The expression \(n_\nu d\nu\) represents a distribution function that describes the number of photons with a frequency that lies between \(\nu\) and \(\nu + d\nu\). Multiplying by the energy for each photon results in \(h\nu n_\nu d\nu\), or the energy density \(u_\nu\) over the frequency integral, so that

(7.19)#\[\begin{align} P_{rad} = \frac{1}{3}\int_0^\infty u_\nu d\nu. \end{align}\]
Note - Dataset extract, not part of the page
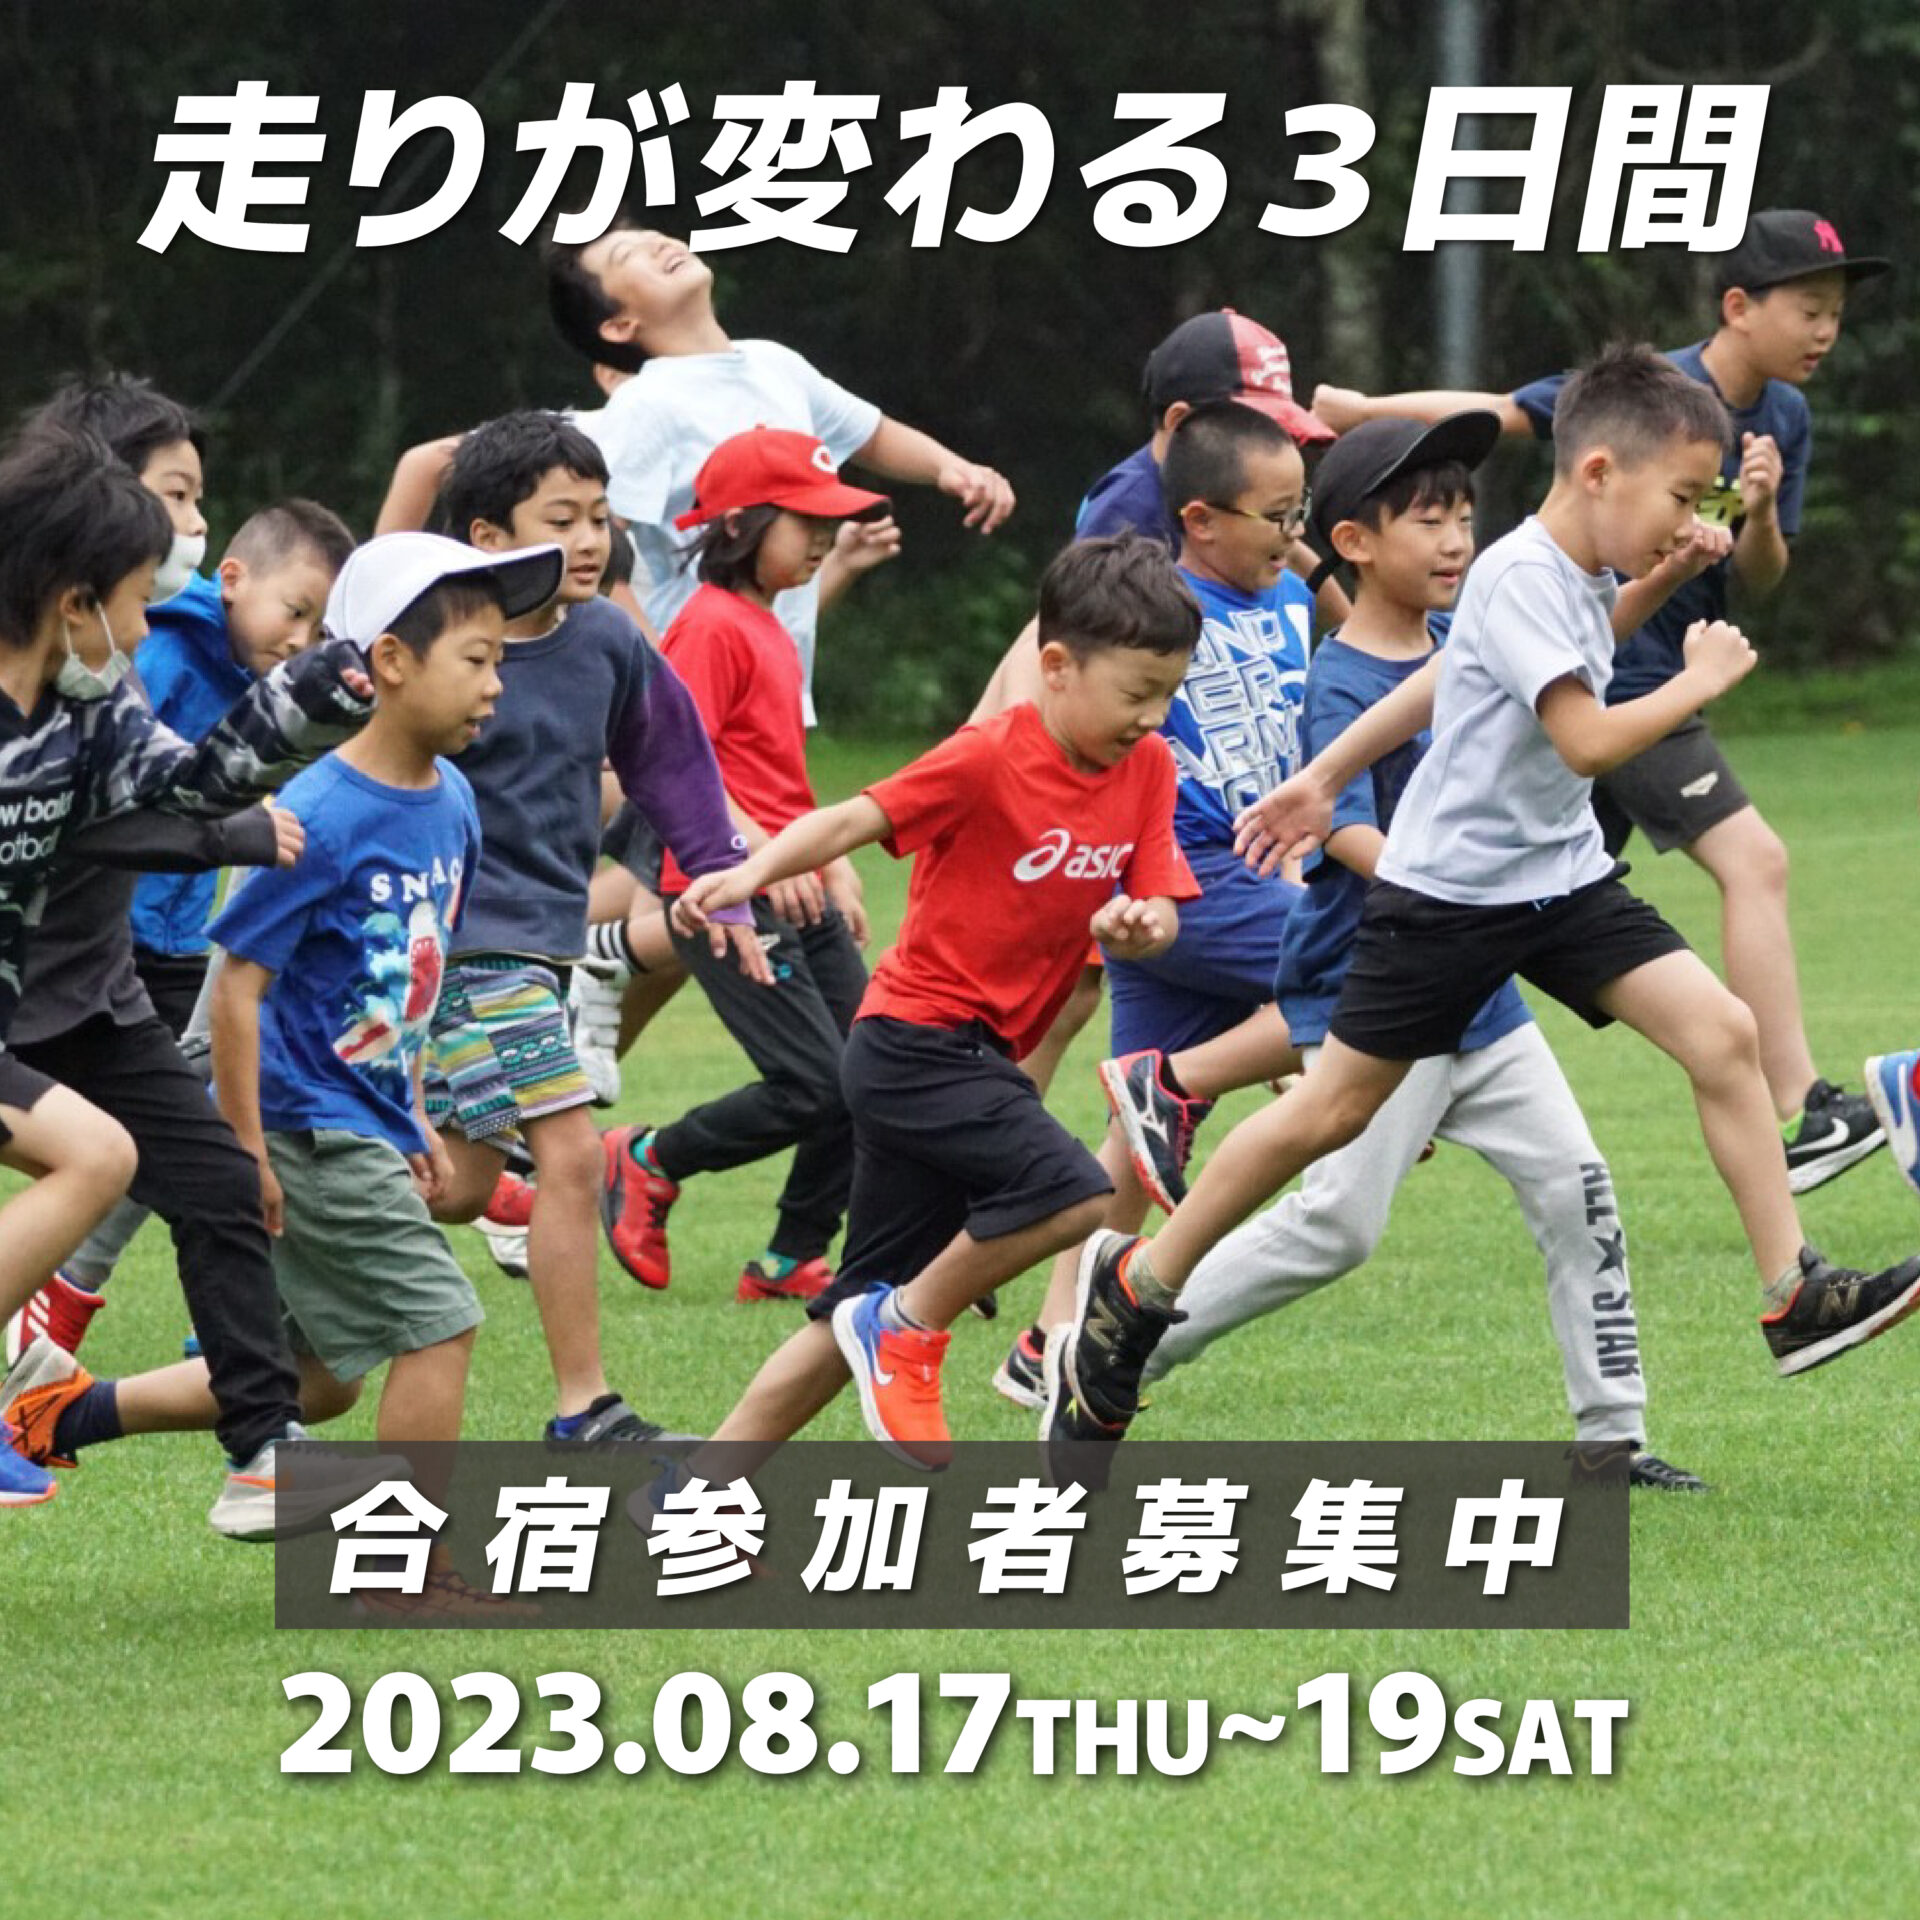 走りが変わる3日間。合宿参加者募集中。開催は2022年8月17日〜19日。

Recall Eqn. (5.6) from the specific energy density section from Stellar Atmospheres provides the integral of the energy density as

\[ u = \frac{4\sigma}{c}T^4 = a T^4, \]

and the radiation pressure is

(7.20)#\[P_{rad} = \frac{1}{3}a T^4.\]

The photon pressure can actually exceed the gas pressure by a significant amount and even surpass the gravitational force (e.g., variable stars). The full pressure of the stellar interior can written by combining the contributions from an ideal gas (Eqn. (7.12)) and the radiation pressure (Eqn. (7.20)) as

(7.21)#\[\begin{align} P_t = \frac{\rho}{\mu m_H}kT + \frac{1}{3}a T^4. \end{align}\]

Exercise 7.2

What is the central temperature of the Sun (neglecting the radiation pressure)?
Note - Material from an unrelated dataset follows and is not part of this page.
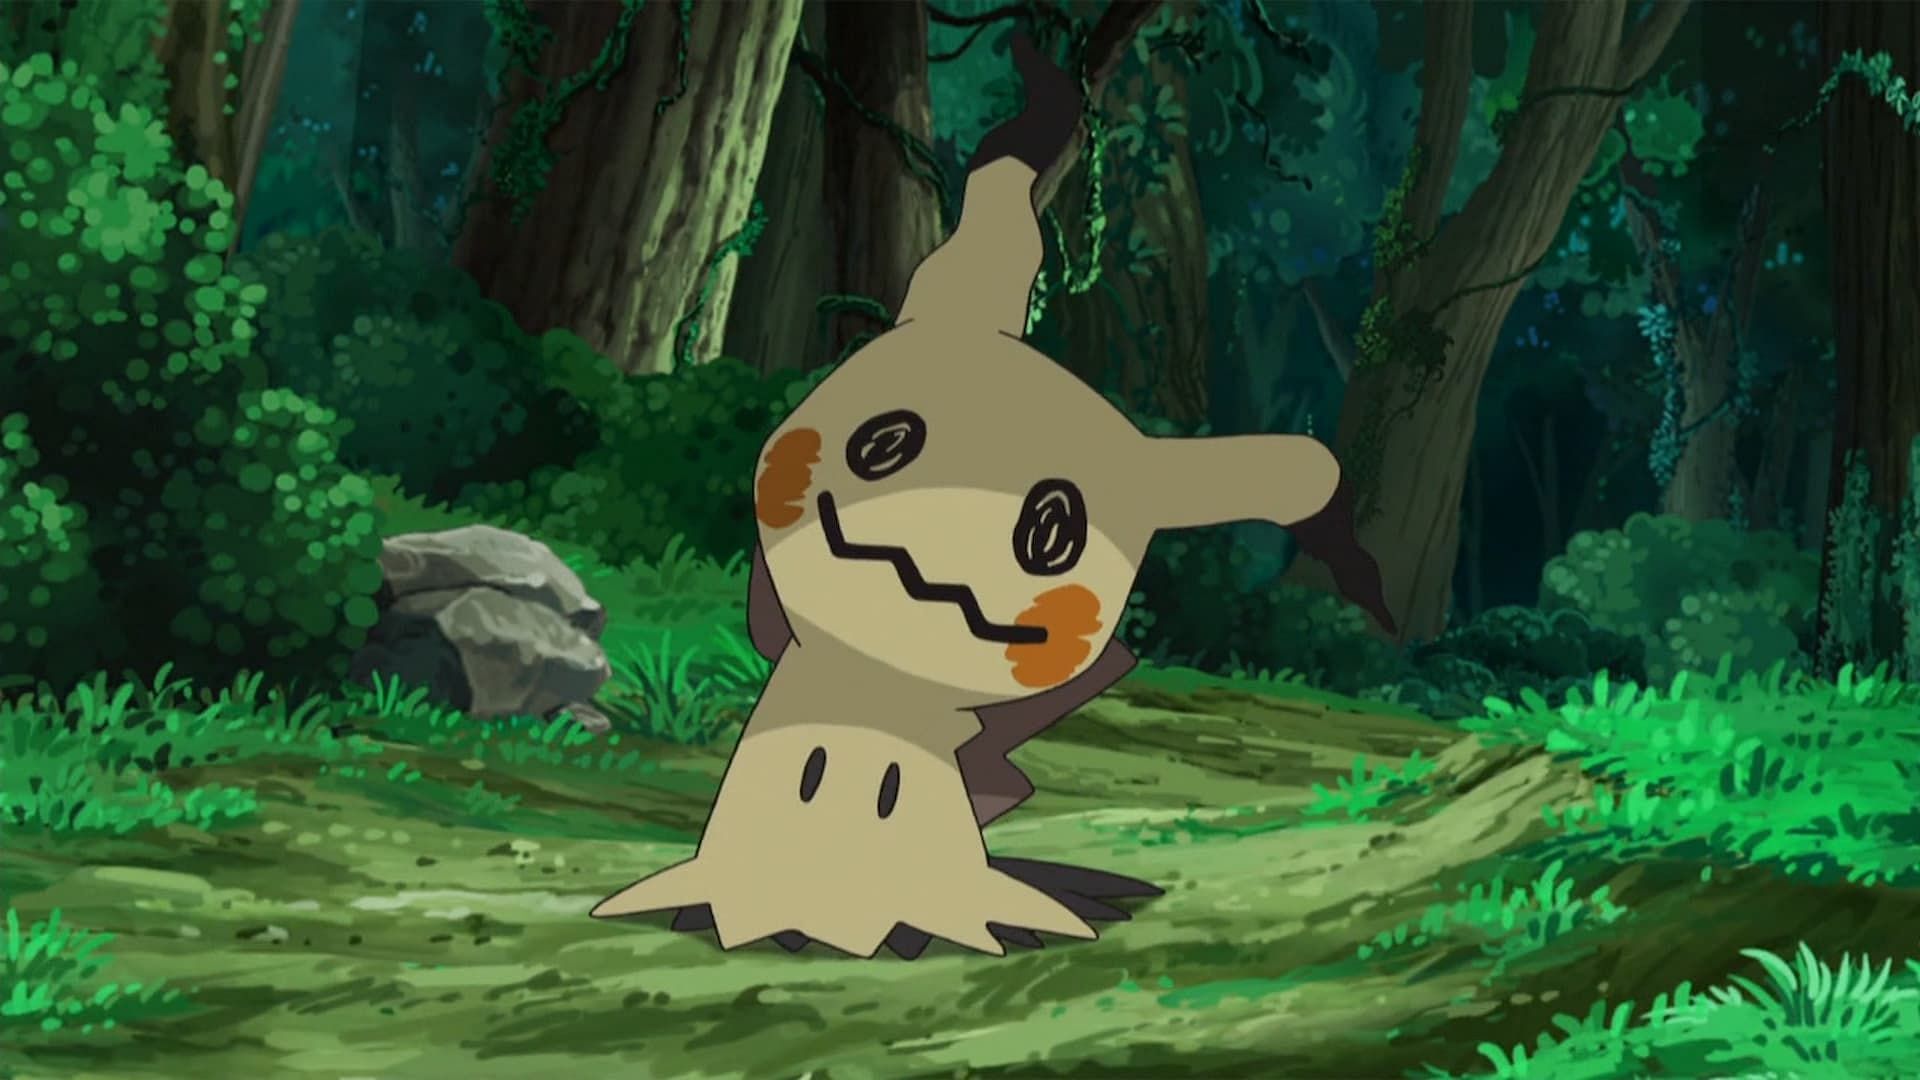 Generation 7 - Mimikyu (Image via The Pokemon Company)

From hydrostatic equilibrium, we estimated the central pressure \(P_c\). Thus, we can rewrite the radiation pressure equation from the ideal gas law (Eqn. (7.12)) as

\[ T_c = \frac{\mu m_H}{\rho k}P_c. \]

Using \(\rho = \overline{\rho}_\odot = 1410 \:{\rm kg/m^3}\), \(\mu_i =0.62\) (assuming complete ionization of \(H\)), and \(P_c = 2.69 \times 10^{14}\: {\rm N/m^2}\), we find that

\[ T_c \approx 1.43 \times 10^7 \:{\rm K}, \]

which is in reasonable agreement with more detailed calculations. One standard solar model shows the radiation pressure is only 0.065% of the gas pressure, which justifies our simplification in ignoring it.

from scipy.constants import k

m_H = 1.6735575e-27 #mass of hydrogen
rho_sun = 1410. #average density of the Sun in kg/m^3
P_c = 2.69e14 #Central pressure estimated in previous example in N/m^2
mu_i = 0.62 #mass ratio assuming complete ionization of H

T_c = (mu_i*m_H)/(rho_sun*k)*P_c

print("The estimated central temperature of the Sun is %1.2e K." % T_c)

The estimated central temperature of the Sun is 1.43e+07 K.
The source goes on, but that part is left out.